This month’s Scientific America has an article by Charles H. Bennett, Ming Li and Bin Ma examining the evolution of 33 chain letters using algorithms borrowed from genetic analysis; these algorithms permit one to postulate the relatedness of different animals (evolutionary phylogeny) by looking at how DNA - and its alterations- persist in a historical population. In this case they posited a family tree of chain letters and noted the points of divergence, the subsequent subtrees, and the relative age of the changes.

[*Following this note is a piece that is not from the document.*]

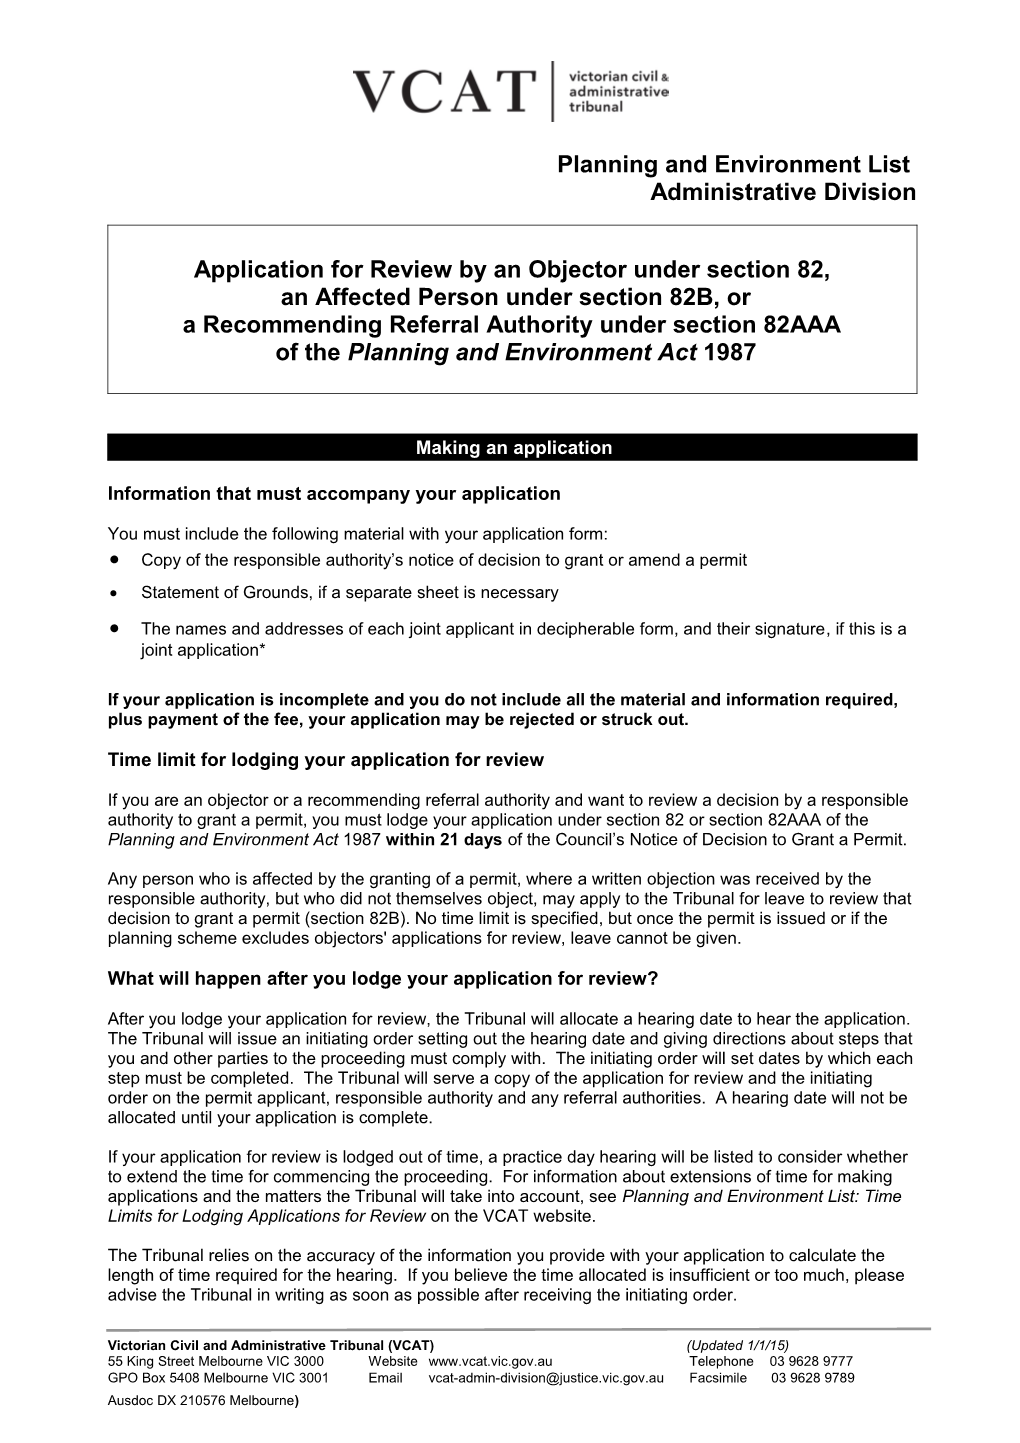 Application for Review by an Objector Under Section 82

I’ve often thought that it would be interesting to apply these techniques to the domain of culture/memes. In particular, I’ve thought of following trackbacks and analysing the characteristics of the discussion. This paper shows the idea has some merit, and hints that the following questions might be asked:
* Transitiveness: when folks include short blog entries on something of note, how often do they refer to the original source, versus the encountered source they were first exposed to?
* Mutation: does the text by which people cite a story substantively differ, particularly amongst ideological communities? The paper briefly mentions an approach of doing textual analysis by compressing text versions and determining the relative degree of redundancy: the less redundant, they more relatedness one can posit. For example, could I identify ideological clusters of blogs given the compression ratios of the text associated with their citation of a common story?
* Age: How long do stories exist in the Web media before they “pop”? For instance, news stories might exist for some period before the are “slash-dotted” or trickle up to the top of popdex . (One of the blog citation cites used to provide the acceleration of a story, though I can’t find it now.)